2021年6月〜7月、心理学科「社会・産業基礎演習」の君塚洋一クラスでは、京都市右京区・太秦大映通り商店街を拠点に地域づくりを行うNPO法人「子育ては親育て・みのりのもり劇場」を訪問し、あわせてキャンパスに同法人の伊豆田千加理事長をお招きしてインタビュー調査を行いました。
この演習は心理学科「社会・産業プログラム」の2年生向け科目で、社会調査の基本を身につけ、心理学・社会学の学びを社会の現場でどう活かすかをイメージするフィールドワーク(現地探訪)を行います。
このクラスでは、文献講読やアンケート調査実習、地域の現場で住民の支援や内外の交流を行う専門家へのインタビューを通じて、社会生活においてどのように人とのつながりや居場所をつくり、お互いをケアしあって生きづらさを解消していけばよいかを考えています。
2009年に設立された「みのりのもり劇場」は、子育ての語り合いや親子のための延長保育の支援、フリーマーケットの開催、特産野菜を使ったコミュニティ・レストラン「キネマ・キッチン」の運営を手がける地域づくり団体です。あわせて、京野菜を活かした特産品の開発や、撮影所が集まる映画の街・太秦を語り継ぐ映画ミュージアムの運営も行うなど、親子にとどまらない住民の日常的な交流と地域の魅力や映画文化の発信の場づくりを行っています。
ゼミ生たちは、「キネマ・キッチン」で柴田弓理事から団体設立のいきさつや活動のあらましを伺ったのち、キャンパスに来訪された伊豆田理事長のレクチャーを聞き、たくさんの質問に縦横無尽に答えられる伊豆田さんから、社会や大学での人づきあいへの姿勢や居場所づくりについて数多くのヒントをいただきました。
●伊豆田千加さんへのインタビューについてのゼミ生のコメント(順不同)
伊豆田さんは「わくわくは力だ」をモットーに実にたくさんの活動をされ、その原動力には「人生を楽しもう」という価値観や「人の助けになりたい」という思いやりが強く感じられました。
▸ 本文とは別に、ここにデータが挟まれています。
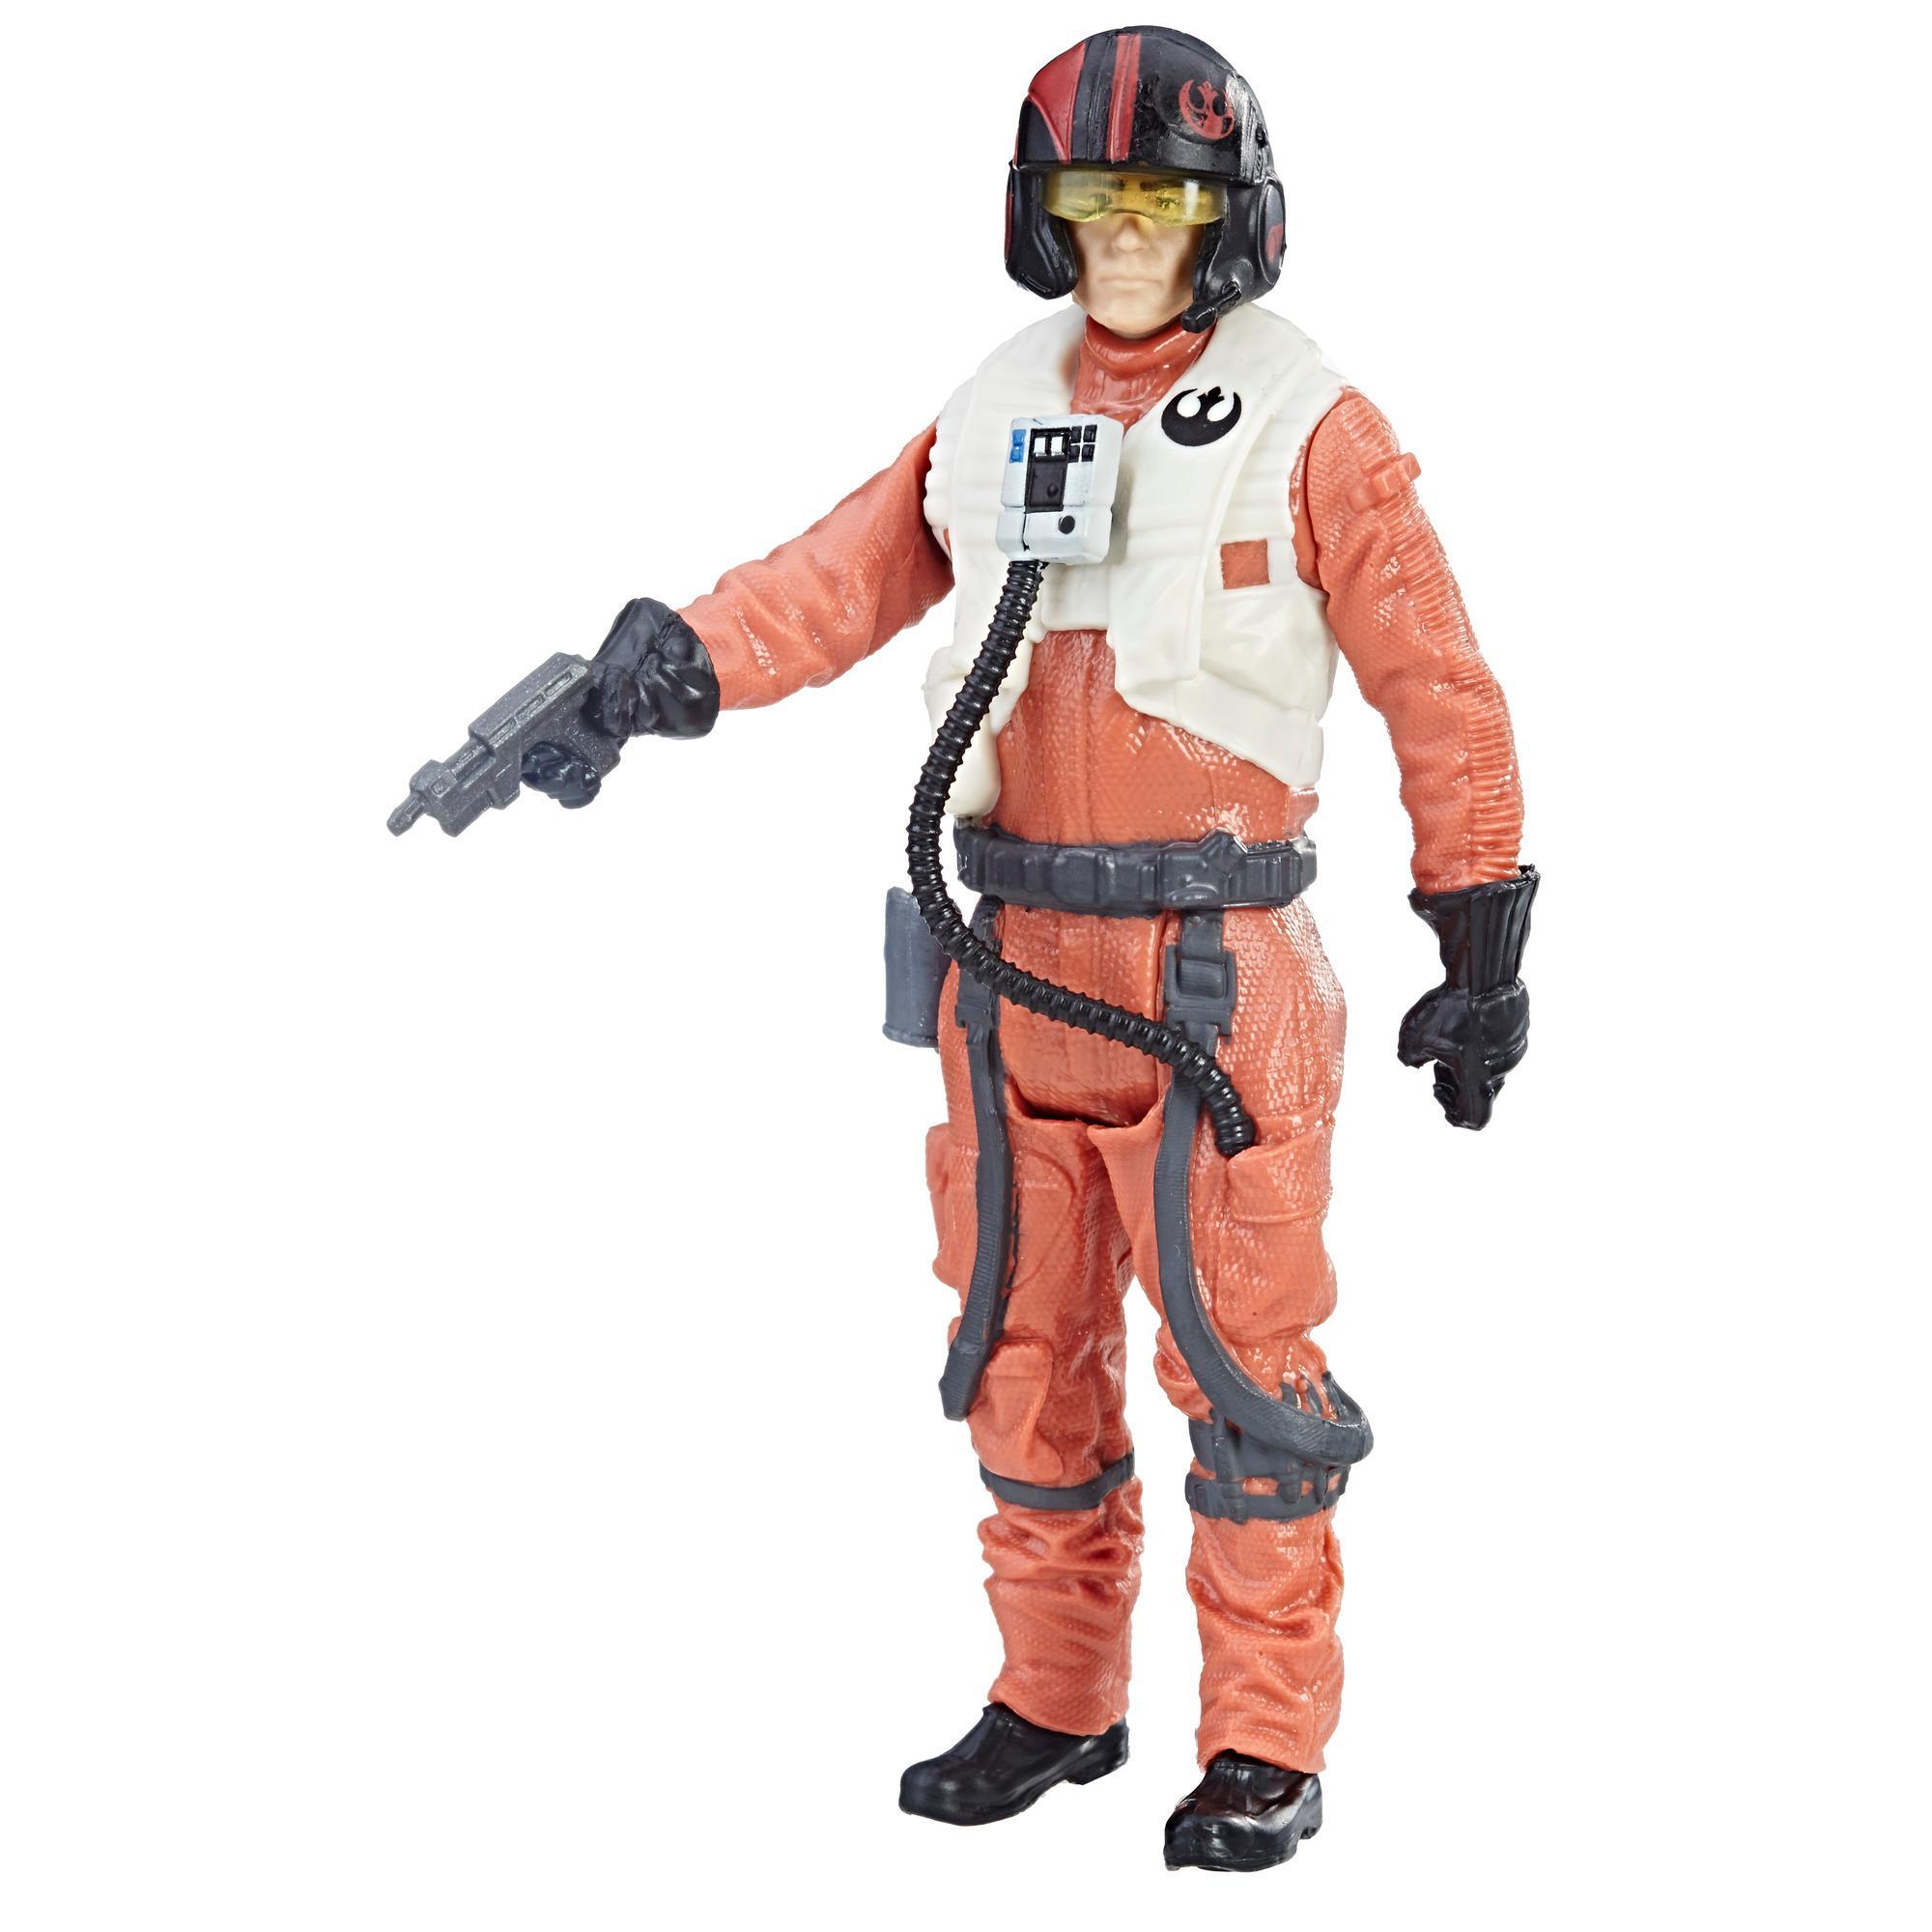 Star Wars - Poe Dameron (Piloto de la Resistencia) Figura Force Link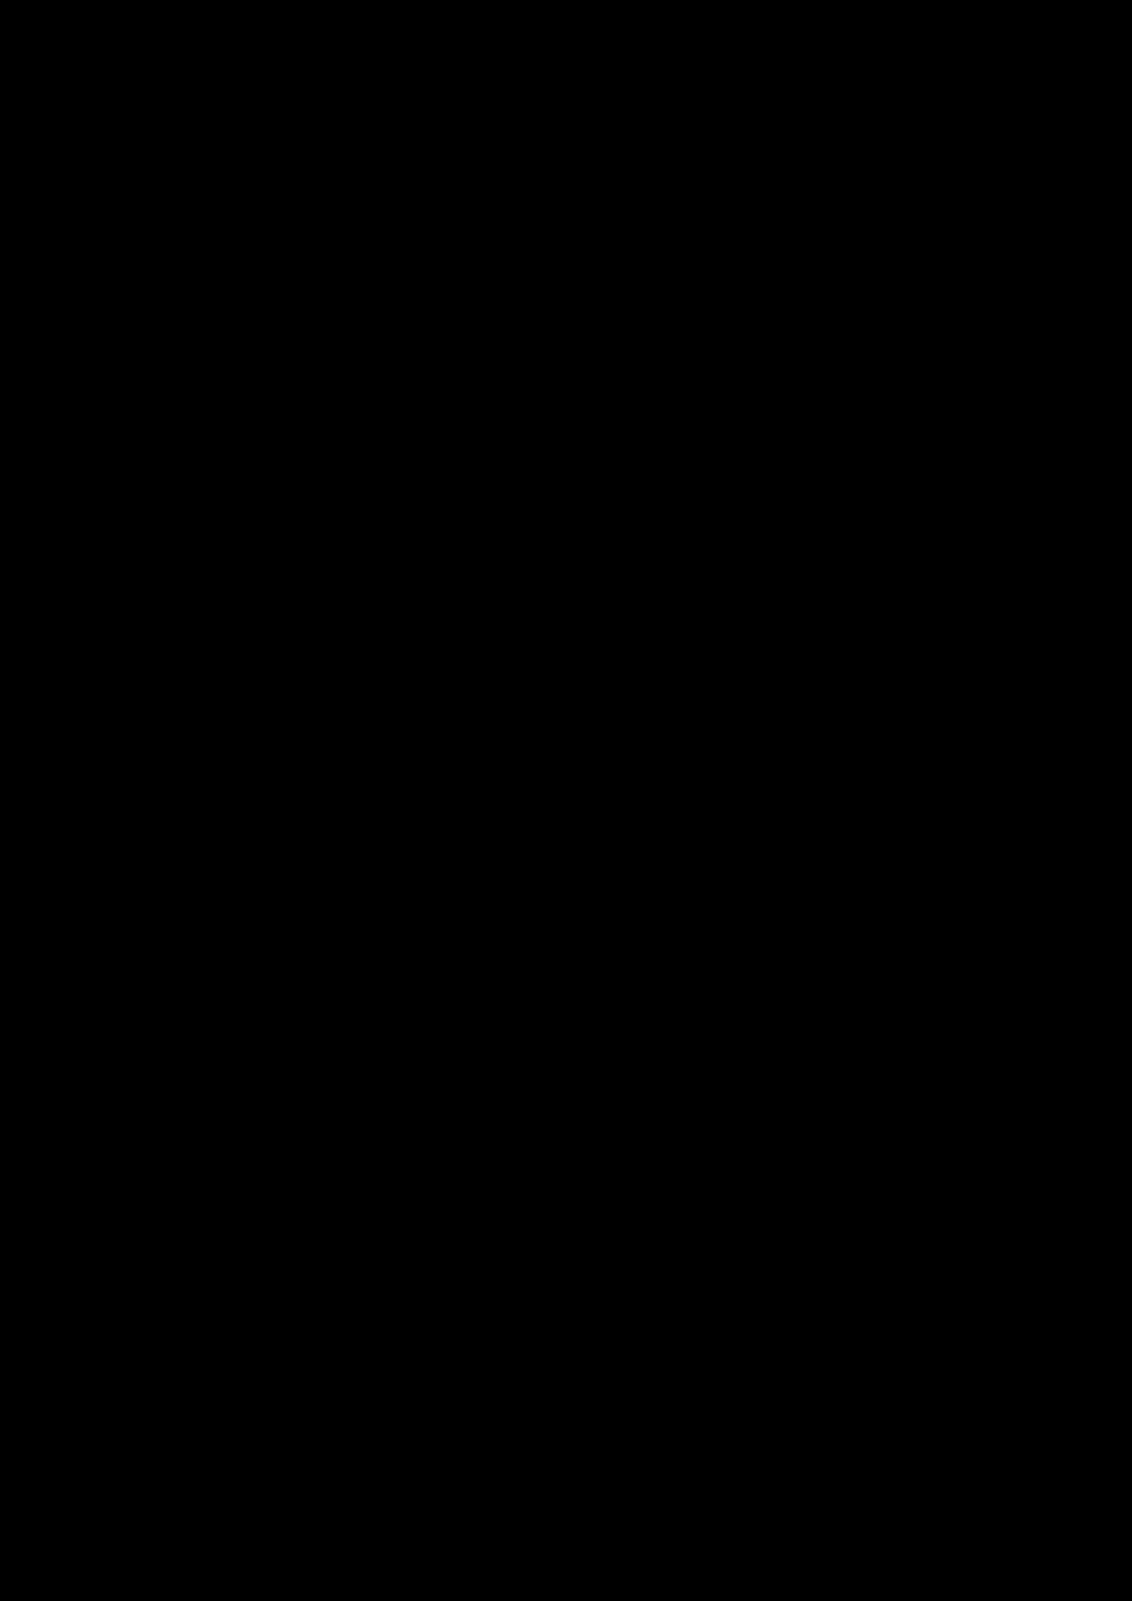 Okean Pustotyi slide, Image 42

親育て・子育てを前向きに楽しむ伊豆田さんが語られた「子どもにとってよい親は、町にとってもよい人」という言葉に納得しました。「自らの楽しいスイッチを入れられるのは自分だけ」とも話され、人に求めるよりも先に自分が気づいて行動に移すことでつながりはもっと広がっていくのだと学びました。
「自己効力感を高めるにはどうすればよいか」という質問に「今まで、たまたままわりの環境や大人たちがうまく作用しなかっただけで、あなたたちには十分力がある」と言ってくださり、少し救われたように思いました。
「自己効力感」を高め、自信をつけるには「小さな成功体験を積み重ねる」ことだというお話にとても共感しました。
「頼まれごとは試されごと」という言葉がとても印象に残りました。私自身も重く考えすぎるのではなく、自分やまわりが楽しいと思えることをしていきたいと思いました。
子育ての悩みを笑ってシェアする「どらりん劇場」の活動で、「教える」のではなく、あくまで本人に「気づかせ」、本人が自ら改善していくことが大切だと話されていたのが印象的でした。
「自分らしく生きればいい」という覚悟を持ち、人とつるまないけれどそこにいるだけでいい、というスタンスが地域でも広がれば、これこそが「ゆるくつながる」ことなんだと感じました。
伊豆田さんははじめから居場所やつながりをつくろうとしたのではなく、さまざまな活動を行っていくうちに結果として居場所やつながりができたと語っておられ、自分のやりたいことをこなしていくことの大切さがわかりました。